Turning first to adoption, undoubtedly one of the most controversial practices of the social care system anyway and a clear breach of Article 8 unless in accordance with law as is necessary in a democratic society, the previous safeguards enshrined in law ensured that each potential adoption decision and prospective family was scrutinised by  an independent panel. This is no longer required under the coronavirus amendments – it is unclear logically how the pandemic affects the ability of a panel to make independent decisions on behalf of a child. Clearly, panels and meetings can take place and be properly constituted even under a lockdown. It is concerning that this is a freedom the government has previously attempted to remove and has taken the first opportunity to erode in the name of public health. The justification for these amendments that they "assist the children's social care sector" is not expanded upon within the explanatory note and without the 21 day scrutiny it is very hard to see how relaxing the requirements of proper review of adoptions is assisting anyone, least of all the children concerned.

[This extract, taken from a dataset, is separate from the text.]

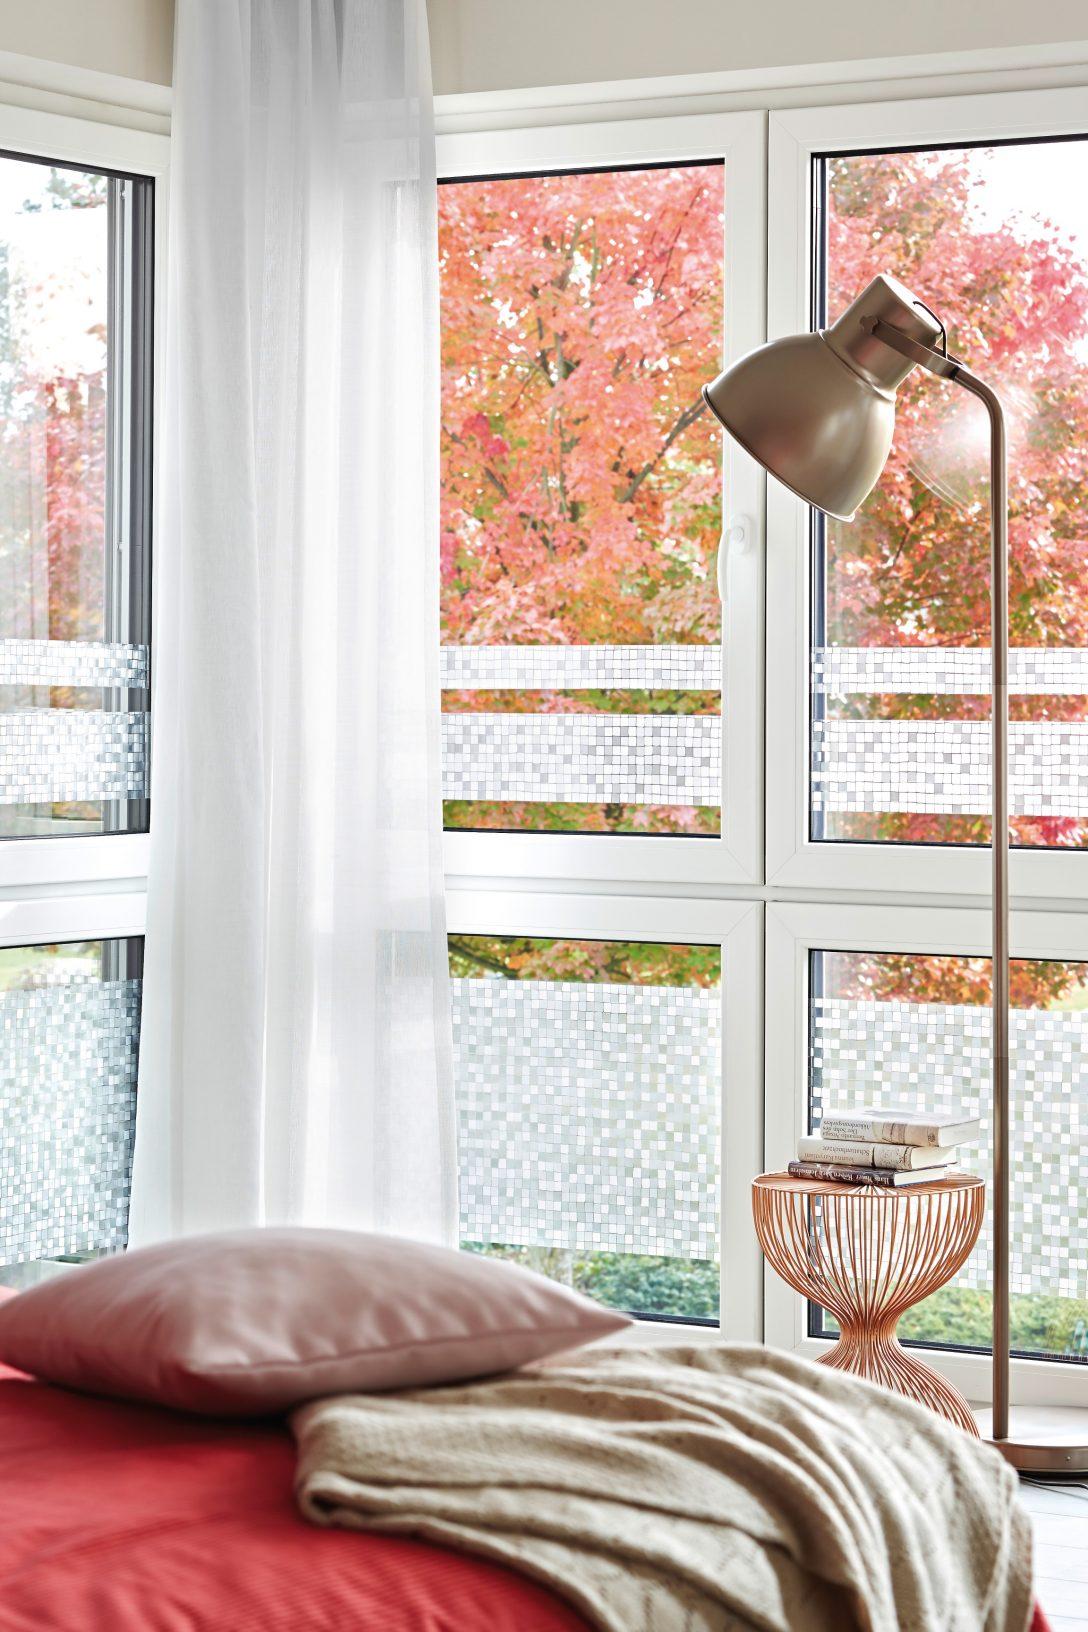 Large Size of Fensterklebefolie Anbringen In 5 Schritten Obi Aluminium Fenster Roro Türen Weru Alte Kaufen Regale Für Dachschrägen Drutex Sichtschutzfolie Einseitig Fenster Klebefolie Für Fenster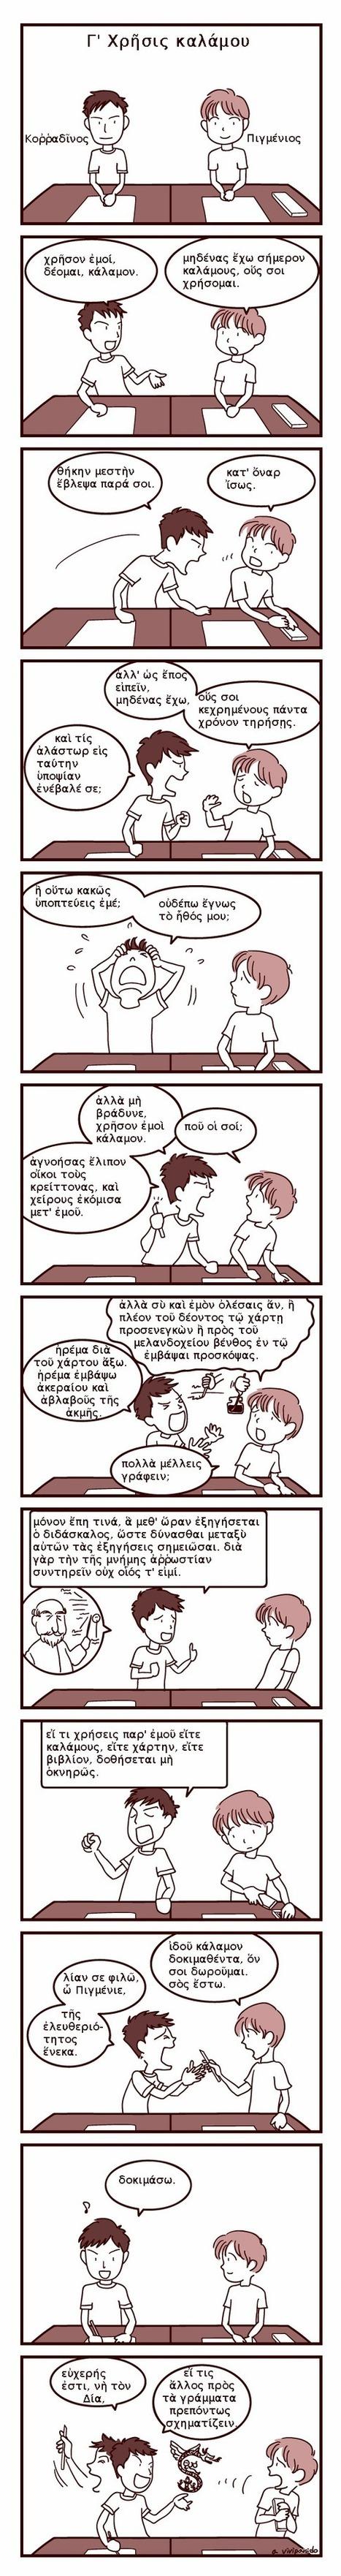 ἑαυτὸν παιδευόμενος: Χρῆσις καλάμου | Griego clásico | Scoop.it

For practitioners, the most immediately relevant passages are undoubtedly those relating to Reg 24 fostering placements. Previously, a child could be placed with a 'connected person' who was not a local authority approved foster carer and the local authority had the power to approve the placement for up to 16 weeks. The Coronavirus Amendments remove the requirement for that person to be 'connected' to the child, which, again is difficult to justify on public health grounds. Relaxing the connection the potential carer must have with the child does not seem to "assist" the local authorities in the exercise of their duties, it simply removes a basic protection for the child that they have an existing relationship with the carer before being placed. It could be argued that these changes make it easier to source carers for children in the pandemic, but this can easily be countered by the fact that placing children with people to whom they are not 'connected' undermines the stability of that placement and undoubtedly creates more work for the social care team in the long-term. This, combined with the fact that the local authority do not need to have a placement plan prepared before placement, meaning there will be less analysis of the stability and future of placements for children.

In relation to the deprivation of liberty provisions, the new amendments make a fundamental change to previously understood laws on the deprivation of liberty of children. Prior to this, the deprivation of liberty of children in children's homes had to be sanctioned by a court order in accordance with the Children's Homes Regulations 2015. However, there is a significant amendment introduced which now allows for the restraint of deprivation of liberty of children "in accordance with an exercise of powers under Schedule 21 to the Coronavirus Act 2020". That Schedule relates to the powers conferred on public health officials in relation to "potentially infectious persons". Essentially, children may be restrained and/or detained within their children's home if they are infected with coronavirus. Further, where children are detained on the date of expiry (25th September 2020), they shall continue to be so as if the coronavirus regulations remained in force. The provisions are silent on when this should be lifted or reviewed.

There are a huge number of smaller but significant amendments brought into force by these provisions. It is important for all practitioners to be aware of the reduced obligations on local authorities during this crisis and the potential challenges this may present as proceedings are ongoing in the pandemic. Fortunately, little has been altered in terms of the obligation to promote and provide contact for families, which is something the local authority must continue to promote and offer in some form. However, the recourse to third party review and independent analysis of the conditions for looked after children throughout this pandemic have been sorely affected and practitioners on all sides must be alive to this to ensure that looked after children do not fall through the cracks at such a dangerous time.